In a set of exploratory analyses, given the significant findings for PANSS total, we next analyzed the PANSS positive and negative symptoms using the same analytical strategies. Among patients of African ancestry and rs951439 CC genotype, the response to perphenazine (13.74 ± 1.44) was significantly more positive than the response to ziprasidone (18.76 ± 1.21; P=0.009) (Figure 2e; Supplementary Table 6). Among patients of African descent with the rs2842030 TT genotype, response to perphenazine was indistinguishable from response to olanzapine but significantly better than responses to quetiapine, risperidone and ziprasidone. The average PANSS positive score was decreased by more than 30% during perphenazine treatment (11.60 ± 1.64) and olanzapine treatment (11.60 ± 0.65) compared to treatments with quetiapine (16.53 ± 0.98; P=0.011), risperidone (16.70 ± 0.78; P=0.006) and ziprasidone (18.57 ± 0.52; P<0.001) (Figure 3e). Patients with rs2842030 genotype TT also appeared to respond more positively to both perphenazine and olanzapine than those of rs2842030 genotype GG or GT (Figure 3e; Supplementary Table 6). For PANSS negative scores, patients of African ancestry and rs951439 genotype CC had significantly greater improvement during treatment with perphenazine (17.27 ± 1.00) than quetiapine (20.39 ± 0.96; P=0.024) or ziprasidone (21.45 ± 0.88; P=0.002). Patients of African ancestry and rs951439 genotype CT responded with significantly higher PANSS negative scores during treatment with perphenazine (20.74 ± 0.76) than olanzapine (18.33 ± 0.78; P=0.017) or quetiapine (17.75 ± 0.90; P=0.010) (Figure 2g; Supplementary Table 7).

Discussion

The present study revealed an association of genetic variants in the RGS4 gene with alterations in the baseline PANSS total score and with differential responsiveness to antipsychotic treatment medications. The variants in the 5′ region of RGS4 have not been analyzed yet for regulatory functions, and additional experiments will be required to identify the functional variants marked by association of the genotyped SNPs. However, the difference in baseline PANSS total score among RGS4 markers in the 5′ region of the gene may be consistent with the hypothesis that differential regulation of RGS4 contributes to the severity of schizophrenia symptoms (30). The different treatment responses among RGS4 genotypes, based on changes in PANSS scores and time to discontinuation of treatment, is consistent with our working hypothesis that (a) the pharmacologic actions of antipsychotic treatments could be influenced by RGS4 expression levels; and (b) certain RGS4 genotypes may be useful for predicting the efficacy of a particular treatment regimen in specific, ethnically defined patient populations.

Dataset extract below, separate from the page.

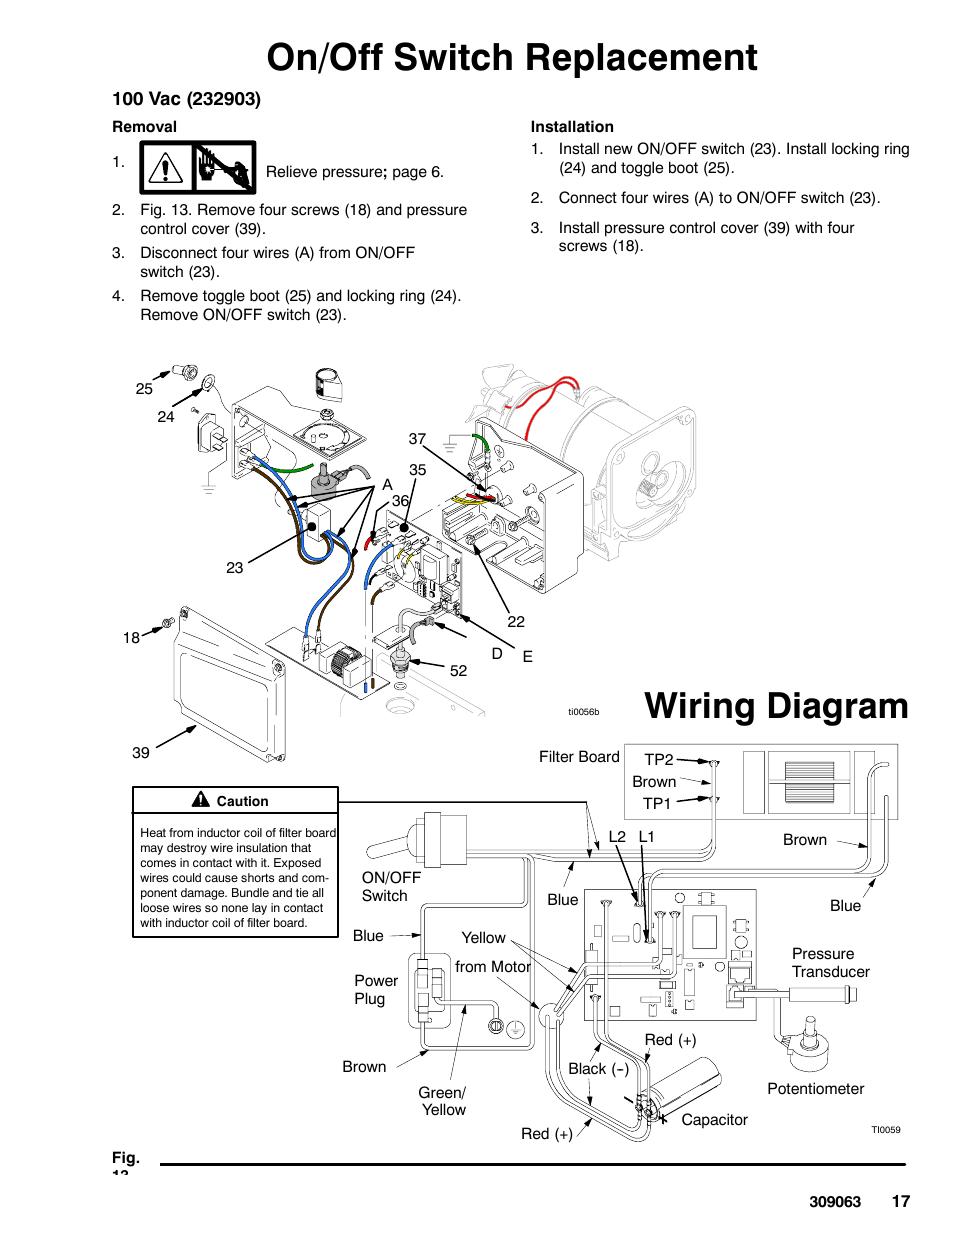 Notifier Fcm 1 Wiring Diagram from www.manualsdir.com

We caution that these are exploratory analyses and all results require confirmation. Nonetheless, the present findings, in combination with other data, provide additional evidence that RGS4 variants correlate with certain phenotypic characteristics of individuals with schizophrenia. For example, reduction in the volume of the dorsolateral prefrontal cortex (DLPFC, a brain region implicated in schizophrenia) has been shown in first episode patients. Recently, Prasad et al (48) reported that this reduction correlates with RGS4 SNP18 genotype GG. RGS4 SNP18 is the reverse complement of rs2661319, for which we describe an association of the TT genotype (equivalent to the SNP18 GG genotype) with higher baseline PANSS Total scores. Taken together, Prasad et al (48) and the present study suggest that individuals with the rs2661319 TT genotype have quantifiably more severe disease symptoms, characterized by both PANSS total score and a neuroanatomical deficit in DLPFC.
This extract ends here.